Clearly God uses unpleasant things to produce the good that He wishes, as evidenced by the most unpleasant murder of His Son. But to conclude from this that Man has no free will is a bit of a stretch, despite some who try to make that point. There are two (biblical) issues here. If Man has no free will and God actually causes everything, then God is the originator of sin (versus James 1:13-15) and Man is not culpable for the sin that God has caused him to commit. Jesus died for no good reason sin no one is liable for their sin and we've pretty much deconstructed the entire Christian religion.

Biblically, we see Man's free will (not in capital letters because we are not totally autonomous) affirmed and God's Sovereignty affirmed. The Westminster Confession puts it this way (not because the Westminster Confession is the authority, but because it says it well): "God from all eternity, did, by the most wise and holy counsel of His own will, freely, and unchangeably ordain whatsoever comes to pass; yet so, as thereby neither is God the author of sin, nor is violence offered to the will of the creatures; nor is the liberty or contingency of second causes taken away, but rather established." God's Sovereignty without doing violence to the will of the creatures. (Look it up sometime. Most references include the biblical proofs. Right there under "God's Eternal Decree.")

Anonymous said...

It might be helpful to imagine a scientist in a laboratory. He designs and builds a system which includes some electronic circuits and a glass bottle of poison gas and a solenoid-triggered hammer aimed at the glass.

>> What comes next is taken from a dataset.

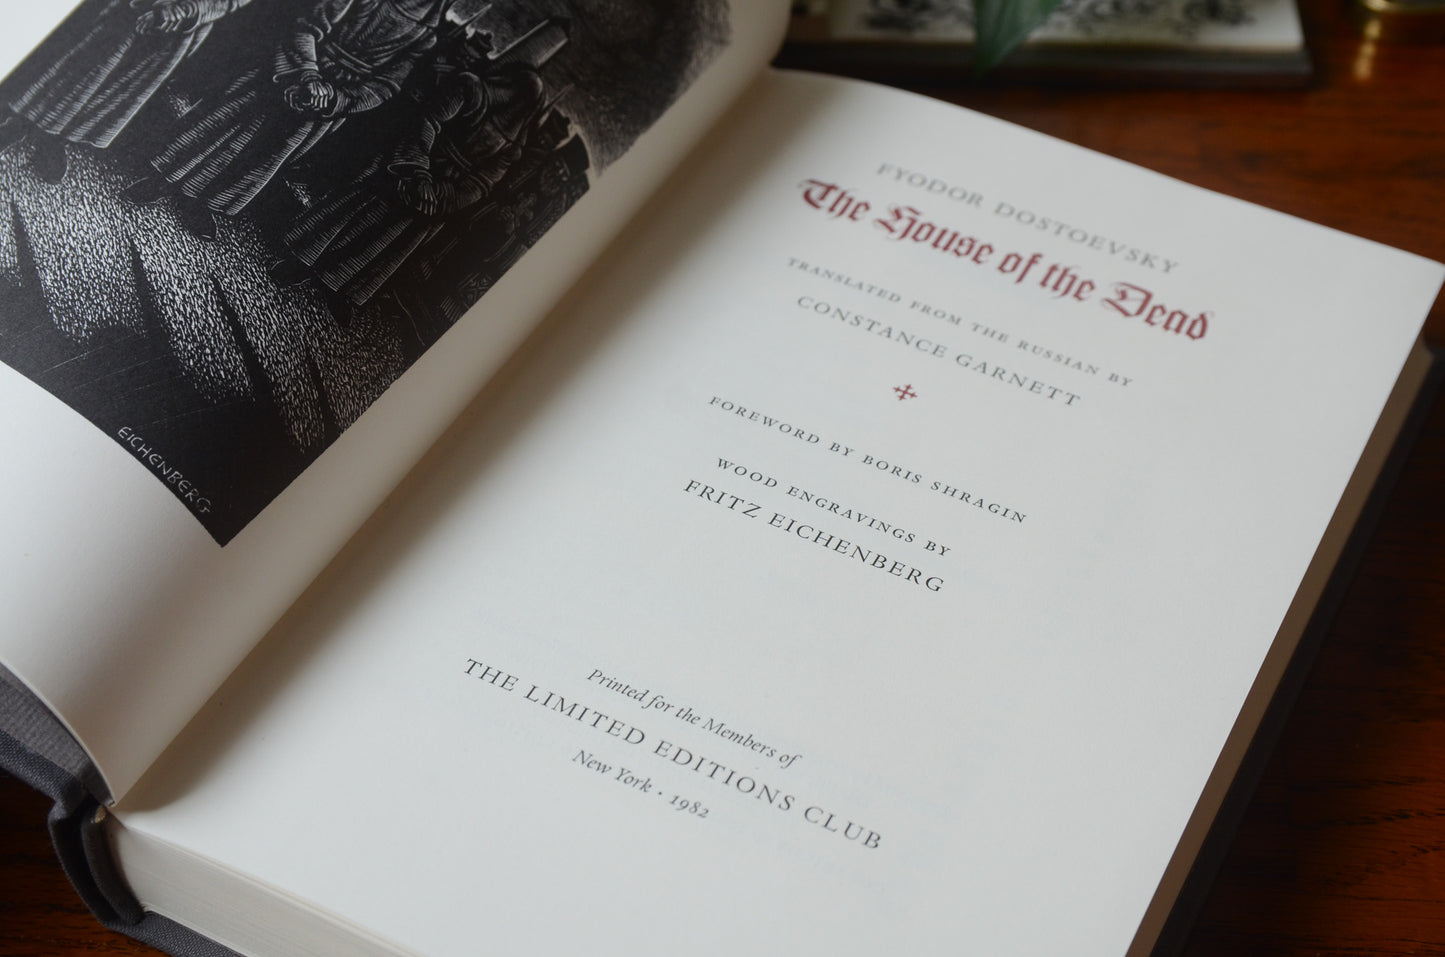 The Limited Editions Club: Dostoevsky's The House of The Dead / 1982

He is clever enough to calculate that if he presses a button to start the experiment, 24 hours later when a colleague is scheduled to be working in the lab the solenoid will break the glass and release the poison, killing the colleague.

We imagine the scientist is brought to trial for premeditated murder. The defense attorney admits his client designed the apparatus and formed an accurate theory of how it would operate, but pleads that the jury find his client not guilty of murder. It was the apparatus which did the killing, see. The designer/builder is not to be held accountable.

How much sympathy would you as a juror have in this case?

I will meditate further on the Westminster Confession, but I have to say that right off the bat it strikes me as analogous to the scenario I've just described.

Stan said...

Alright, then. As I thought, you do hold that God actually causes sin, that free will is a myth, and that God is personally liable for Man's sin. His execution of His Son would, in this case, the highest evil, allowing the Son to pay the bill that the Father had accrued.

Of course I and the Bible and believers throughout history have disagreed with that position.